Through a system called the “Doing Business” rankings, the Bank uses its considerable financial and political power to force developing countries to make it as easy as possible for land to be grabbed by foreign corporations or local elites. It works by awarding points to countries when they act in favor of the “ease of doing business” and then publishing how countries rank against each other annually in a report they are very proud to claim “has served as an incomparable catalyst for business reform initiatives.” The report has become the bank’s most influential publication, and the ranking system is a powerful tool for forcing countries to initiate regulatory “reforms,” driving a quarter of the 2,100 policy changes documented since it was launched.

In other words, policies that service the needs of intensive, large-scale international business are rewarded and ones judged to stand in its way are punished. For example, the fewer regulations there are on land purchase, the higher the rating, with maximum points being awarded to countries with total freedom of purchase. More modest corporate taxation gets some reward; most points are awarded for zero corporate taxation. Countries are even punished for offering their workers minimum wages. It is the neoliberal blueprint for economic development: low corporate taxation, low worker wages and protection, maximum privatization and minimal standards of environmental protection: everything, in other words, to maximize wealth extraction and concentration.

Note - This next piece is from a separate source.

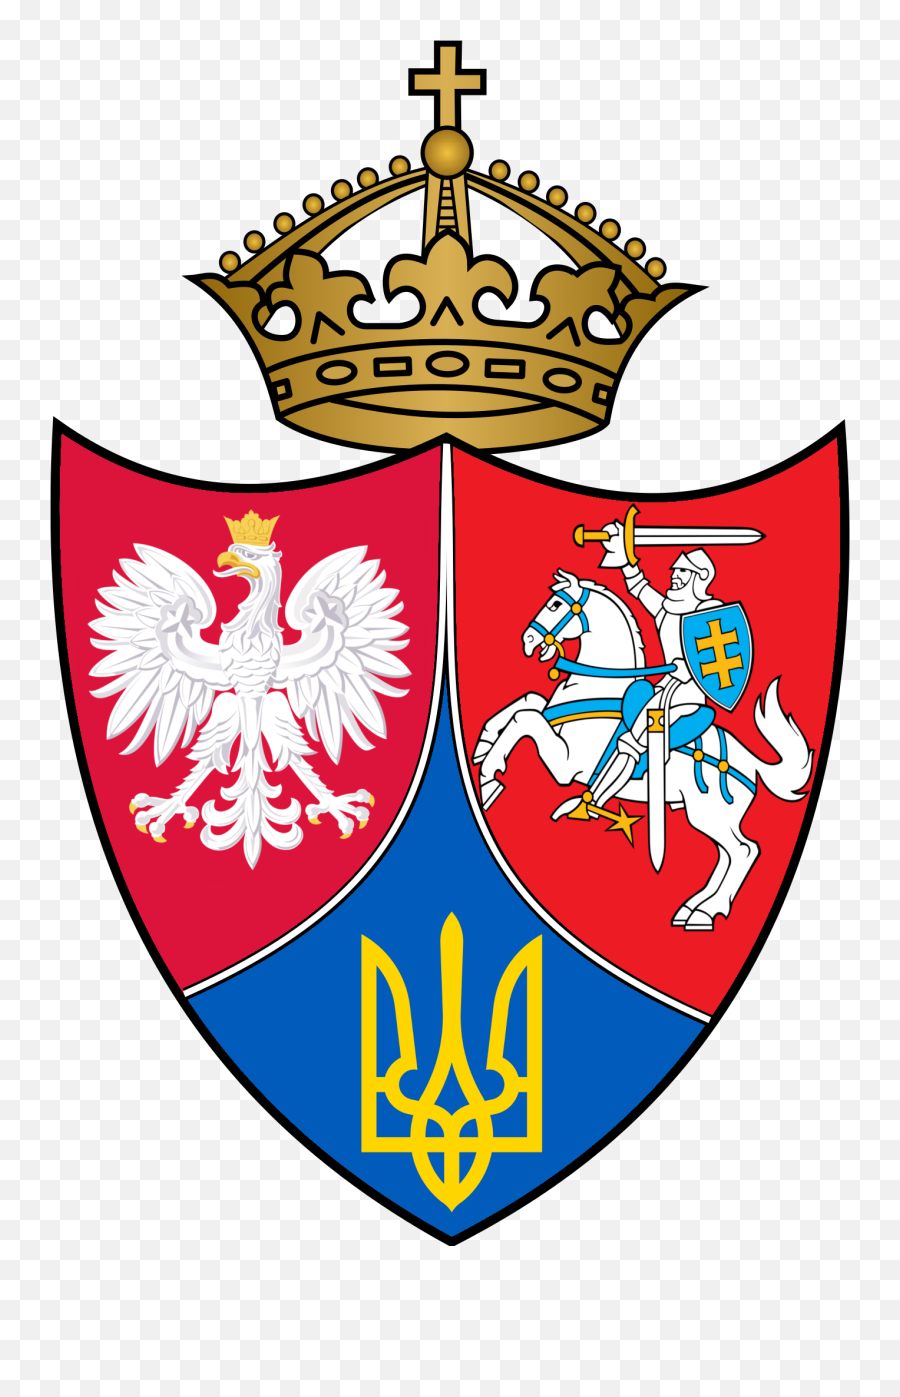 Arms Of The Lublin Triangle Organization My Proposal Based Emoji,Triagular Ruler Emoji
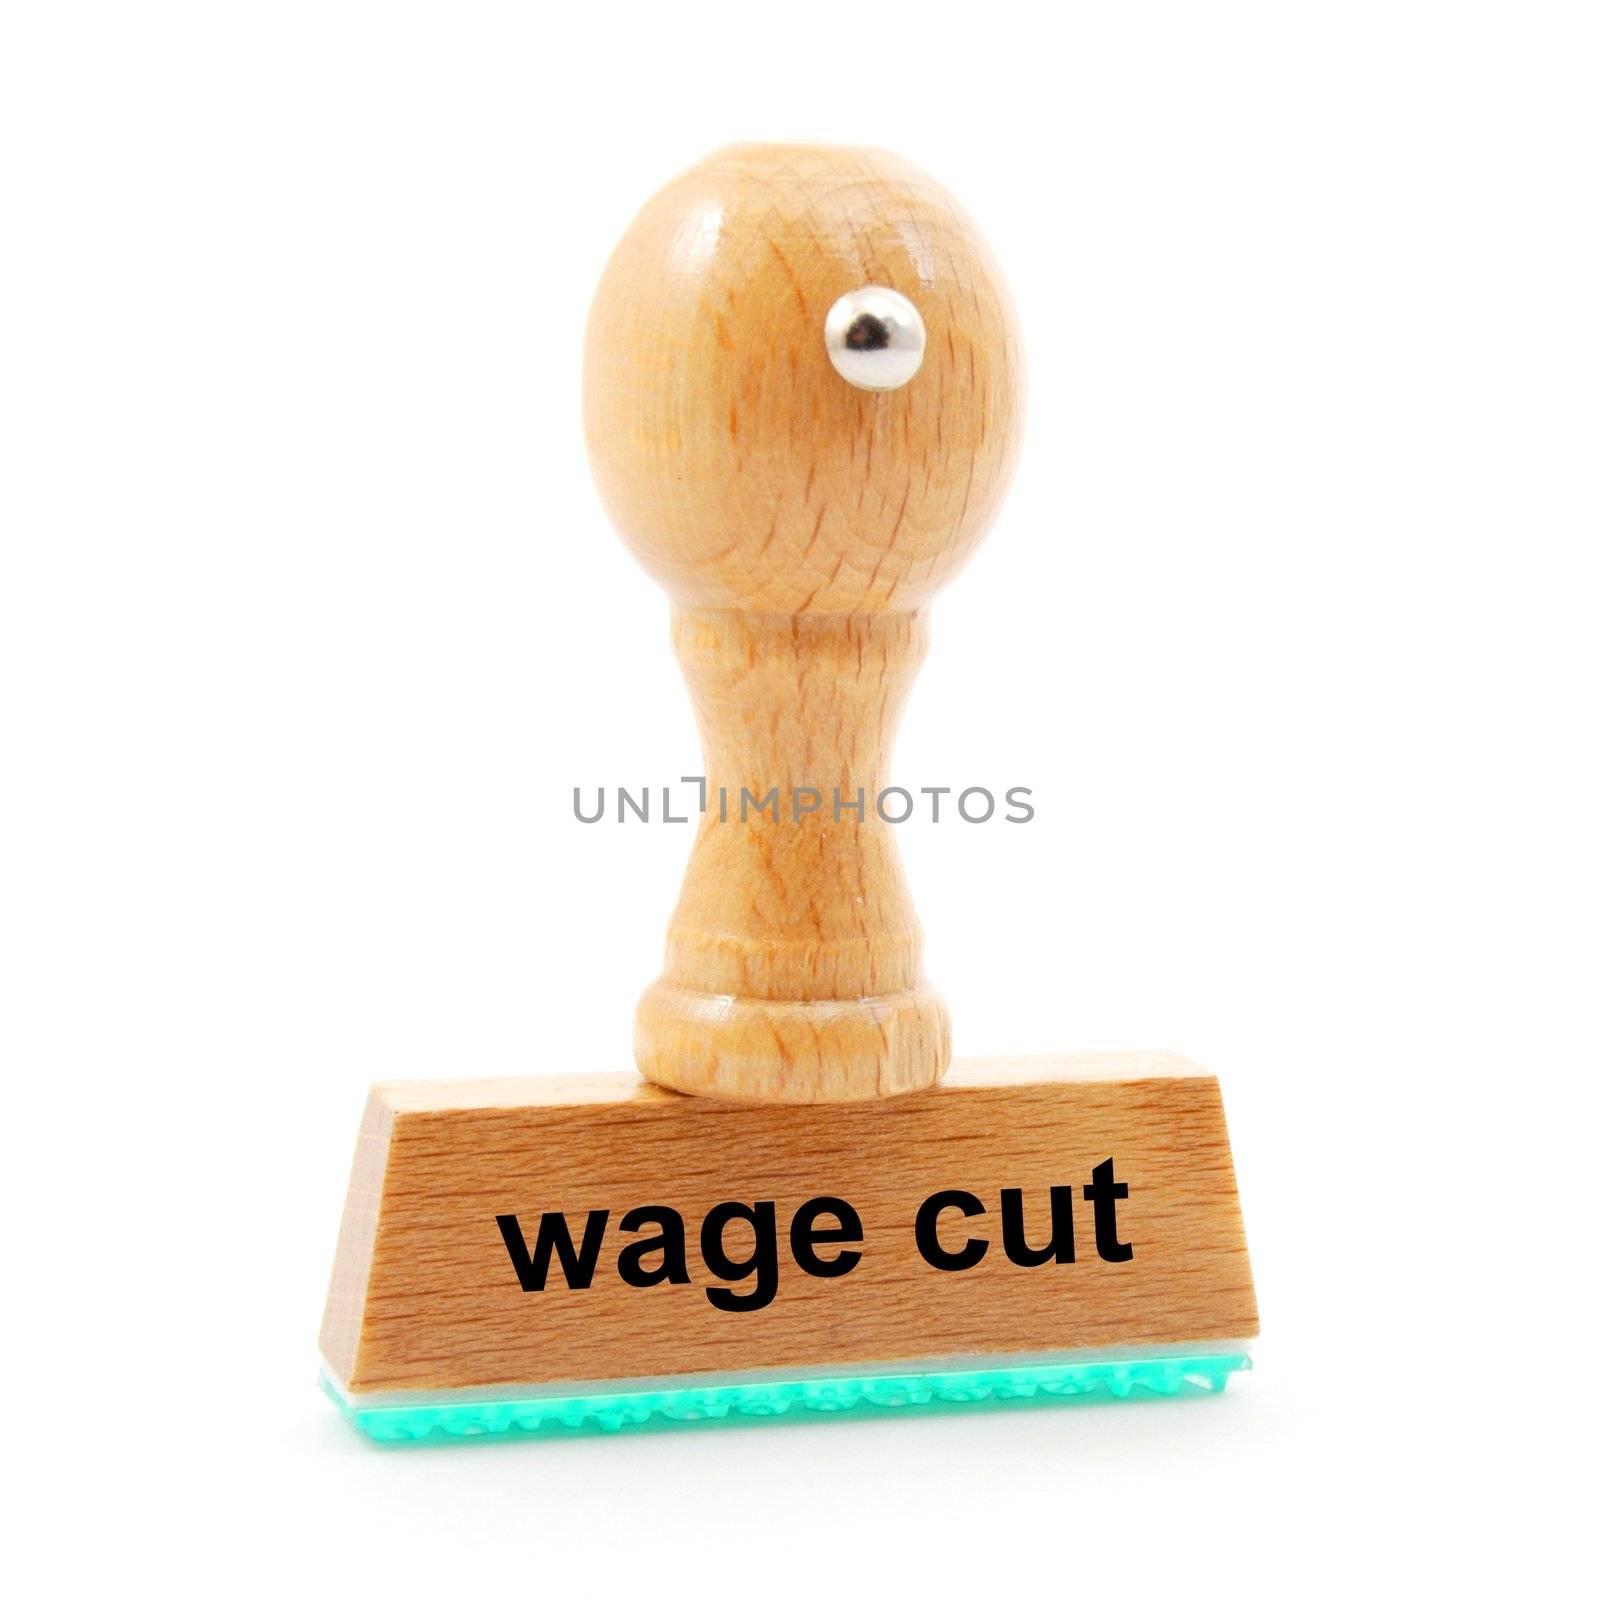 wage cut by gunnar3000

You might well ask why a supposed development agency favors large corporate interests so blatantly. The reason is simple. The World Bank is controlled by rich governments, and so, perhaps unsurprisingly, it believes that what’s good for growing corporations – most of which are from rich countries – is good for the world. In perfect harmony with the G8, the bank behaves as if corporations’ ability to maximize profit and shareholder value is at the root of all prosperity – not just the prosperity of the rich – and is therefore more important than supporting the smallholder farmers who are currently feeding 70 percent of the world; more important that ensuring industrial activity doesn’t contribute to climate change; and more important than letting democratic countries set their own economic policy.

In Al Jazeera, “The New Shock Doctrine: ‘Doing Business’ with the World Bank,” Dr. Jason Hickel says, “The well-being of the people, the health of the land, the fairness of the society; none of these counts in the brave new world of business. Countries are compelled to ignore the interests of their own citizens in the global competition to bolster corporate power.” He goes on to state an important implication of the “Doing Business” rankings: “The rankings not only inform investors’ decisions, they also determine the flow of development aid, as some aid agencies use them to give preferential support to countries that make progress in the rankings. Forget measures of health, happiness and democracy. Forget gains in growth and employment. In the end, what counts most is the “ease of doing business.” The rankings are essentially a modern, covert version of the infamous Structural Adjustment Programs – economic rape and pillage, disguised as development.

In a world where farmers, pastoralists and indigenous peoples are facing increasingly harsh conditions, and where the richest 85 individuals have the same wealth as the poorest 3.5 billion people combined, it is unconscionable that an organization that is supposed to help increase everyone’s well-being uses its power to support the already rich at the expense of the majority.

Inequality is a defining problem of our times; we all know that. In order to truly start to address it, we must expose the essential drivers behind it, especially when the perpetrators are masquerading as saviors.